Azure Data Factory an Universal pipe
Use Cases and Deployment Scope
We live in a world where half of the data for analytics come from SAP and half from non SAP sources. We use Azure Data Factory to load non SAP data from different source systems into Azure lake house. The project follows medallion architecture where Azure Data Factory takes data from multiple sources and stores them in the bronze layer of the medallion architecture. Since our SAP datasphere has limitations connecting to non SAP sources as good and native like Azure Data Factory, we use Azure Data Factory for these scenarios. Further modelling of data in the next layers (silver layer and gold layer) is done using Azure Data Bricks, where the final data product is created. The Azure Data Factory also helps in applying transformations which loading the data from different source systems.

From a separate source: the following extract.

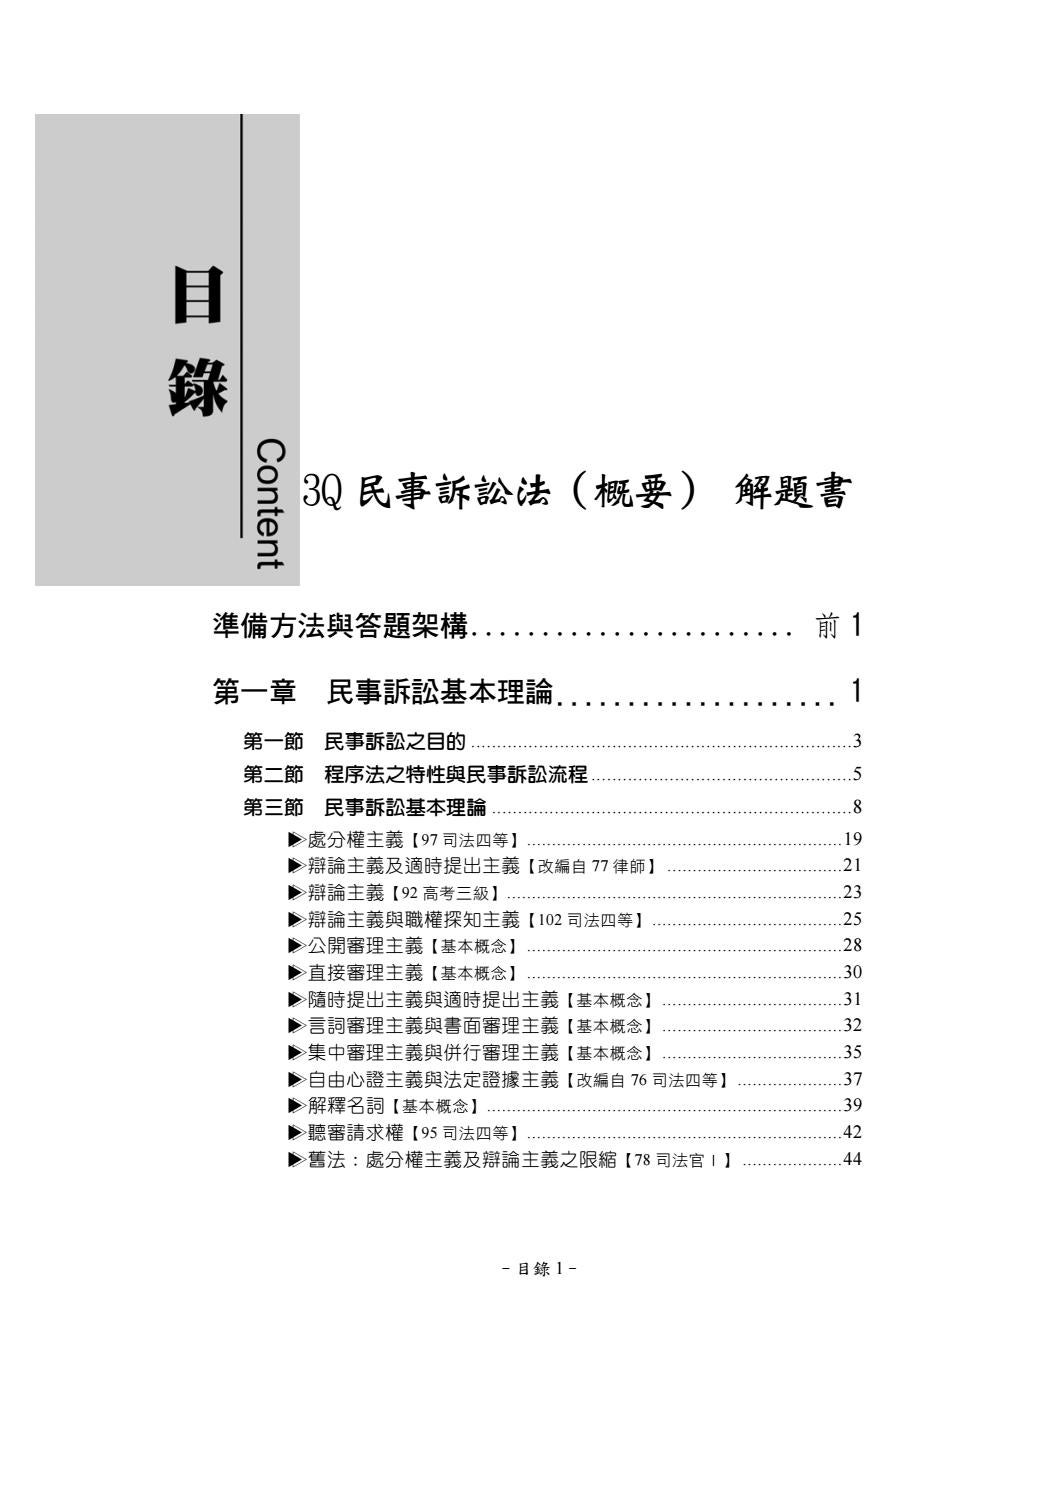 1C326 by 新保成出版社 - Issuu

Datasphere often relies on ODBC/JDBC/OData connectivity, whereas Azure Data Factory provides maintenance-free connectors for our web applications, like partner portal, cloud applications like one crm, on-prem Oracle systems, and also to NoSQL dbs like MongoDB. To summarize Azure Data Factory is used in our organisation to ingest non SAP data from different sources into our Bronze layer for the Databricks to further clean and curate the data for data product creation. Without Azure data factory connecting the data from different source wouldnt been possible because SAP Datasphere has limitations when it comes to connection with non SAP source systems
Pros
- Connectivity with other cloud environment like Salesforce
- Connectivity with non structured data and big data systems
- Reduces data islands
- Azure Data Factory handles perfectly the huge volume of data in JSON format from our global apps and services
Cons
- The error details where there is an error while processing the files is not clear
- Connectivity with s4 system is not so good compared to Datasphere
- Since Azure Data Factory just transfers data it lacks the capacity to identify the wrongness in the data. It is just a dumb data transfer tool from point A to B
Likelihood to Recommend
Best scenario is for ETL process. The flexibility and connectivity is outstanding. For our environment, SAP data connectivity with Azure Data Factory offers very limited features compared to SAP Data Sphere. Due to the limited modelling capacity of the tool, we use Databricks for data modelling and cleaning. Usage of multiple tools could have been avoided if adf has modelling capabilities.